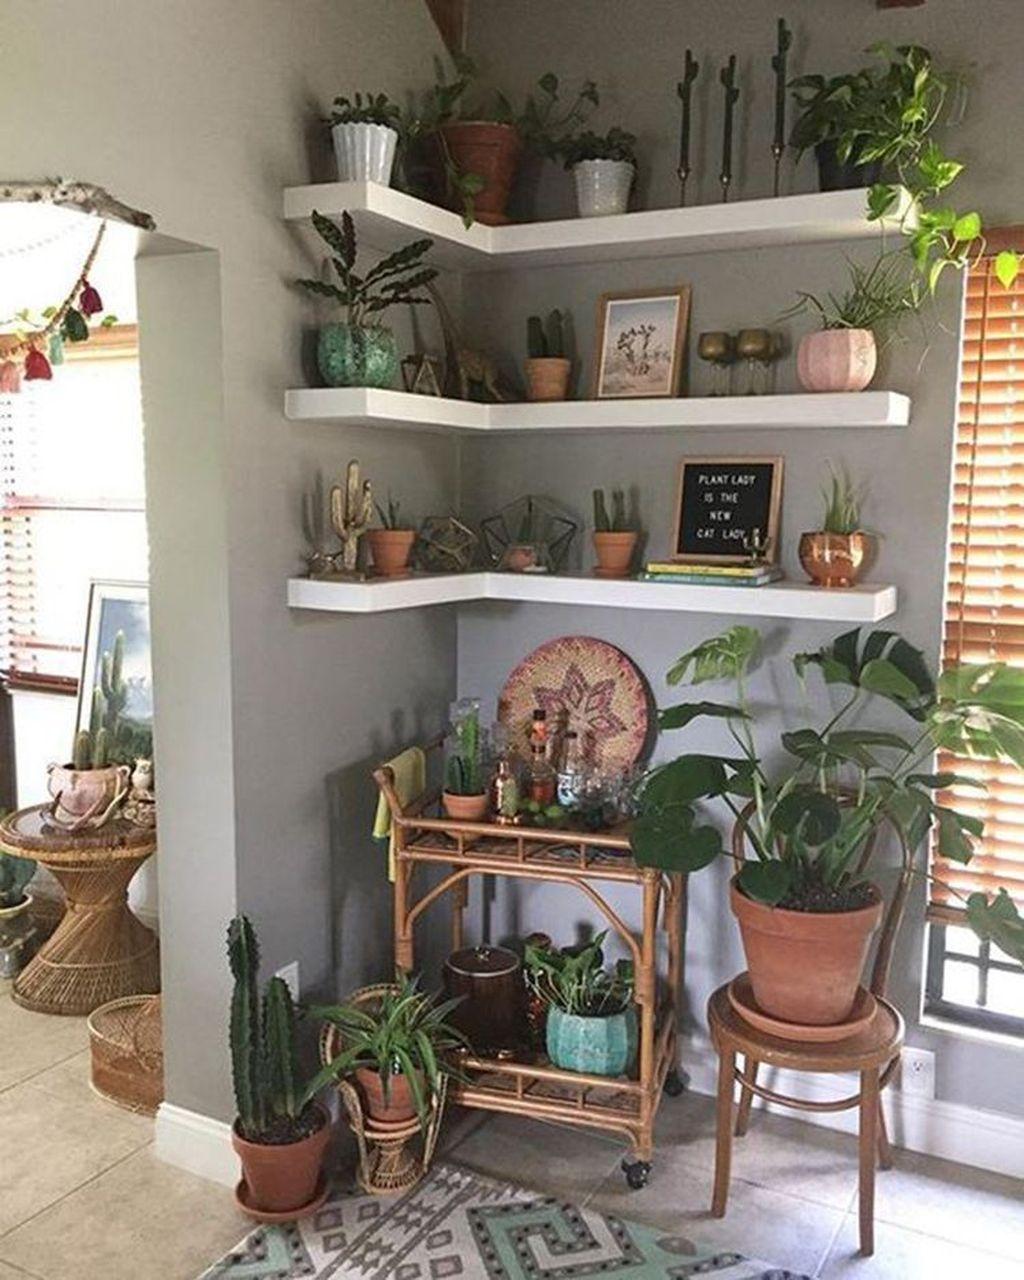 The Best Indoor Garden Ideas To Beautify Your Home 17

★ ★ ★

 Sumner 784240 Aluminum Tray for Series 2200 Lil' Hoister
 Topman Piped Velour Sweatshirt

★ ★ ★

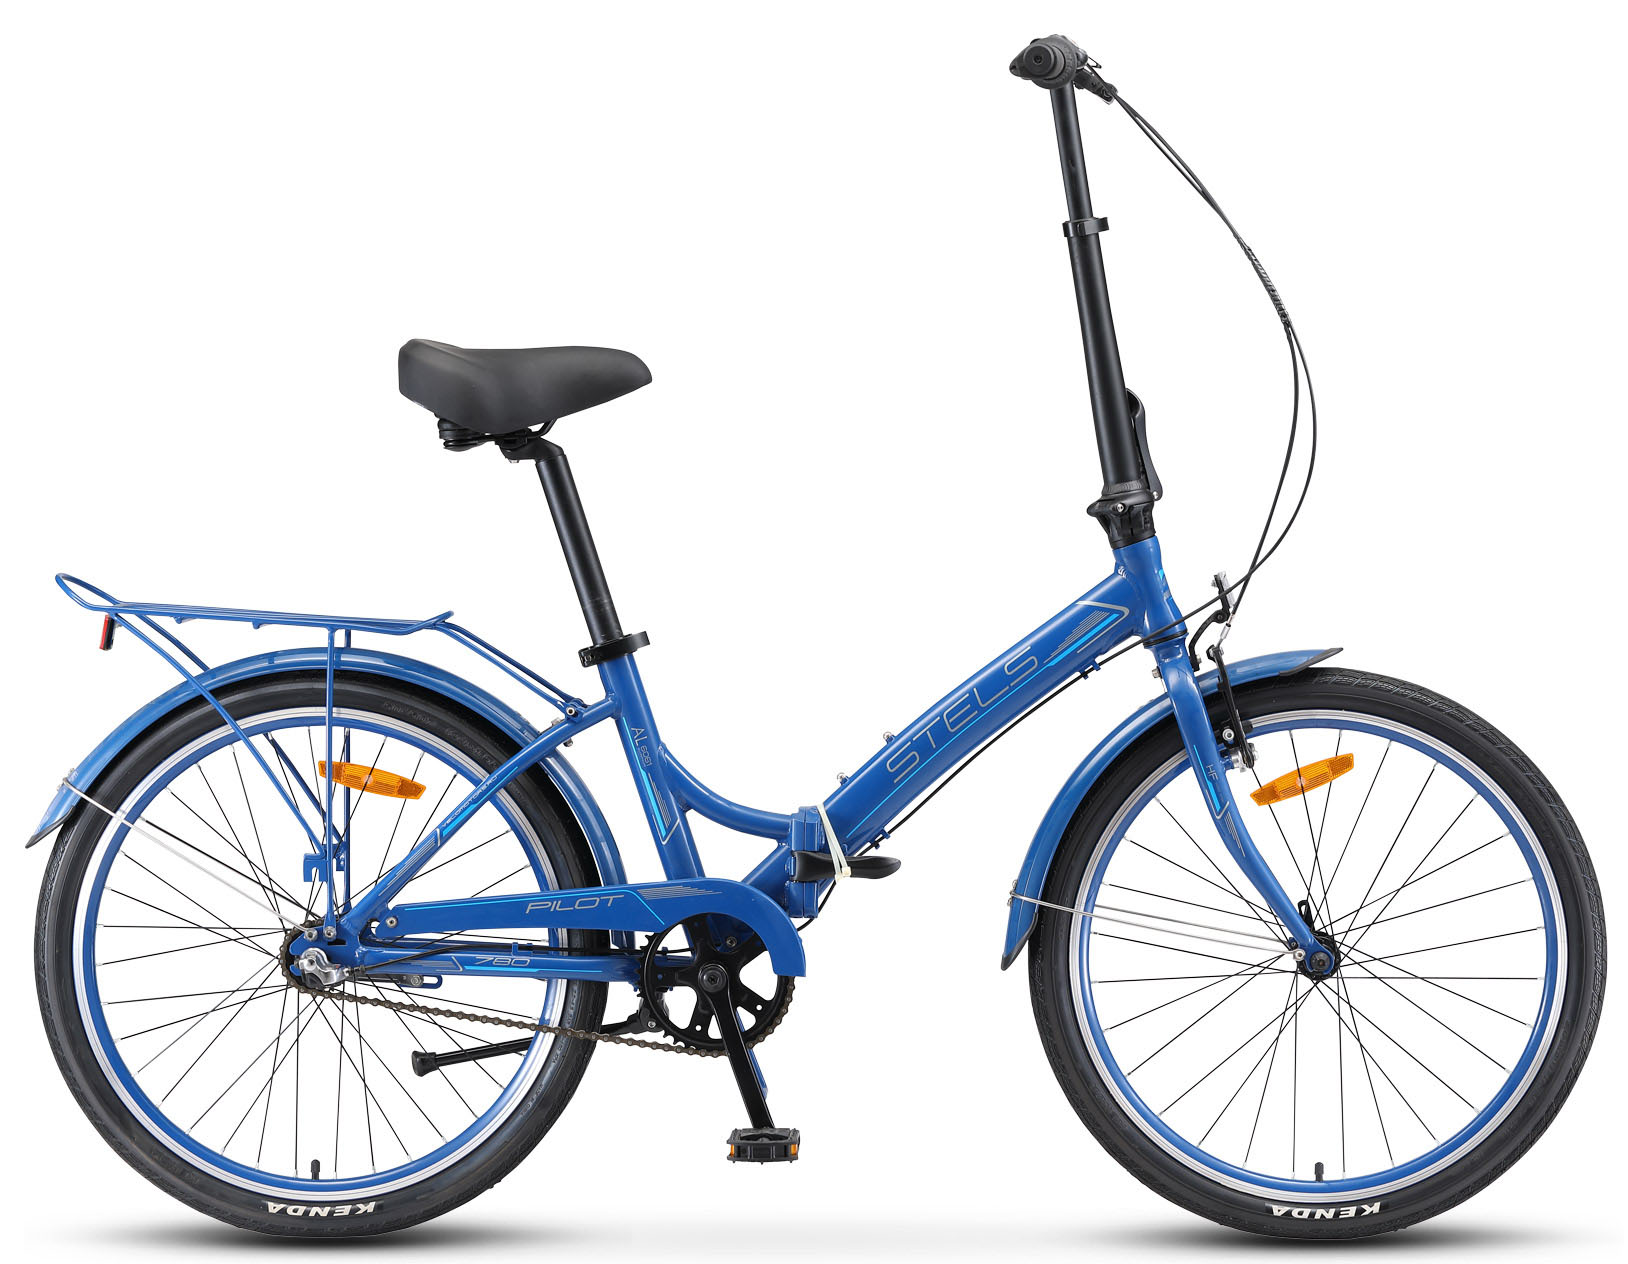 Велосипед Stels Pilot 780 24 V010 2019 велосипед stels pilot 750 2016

★ ★ ★

→ **Problem requirements**: From the records above, copy only the lines starting with the line that holds "Sumner 784240 Aluminum" and going on through the line that holds "Topman Piped Velour Sweatshirt", exactly as written.

→ **Reply to the task**:
 Sumner 784240 Aluminum Tray for Series 2200 Lil' Hoister
 Topman Piped Velour Sweatshirt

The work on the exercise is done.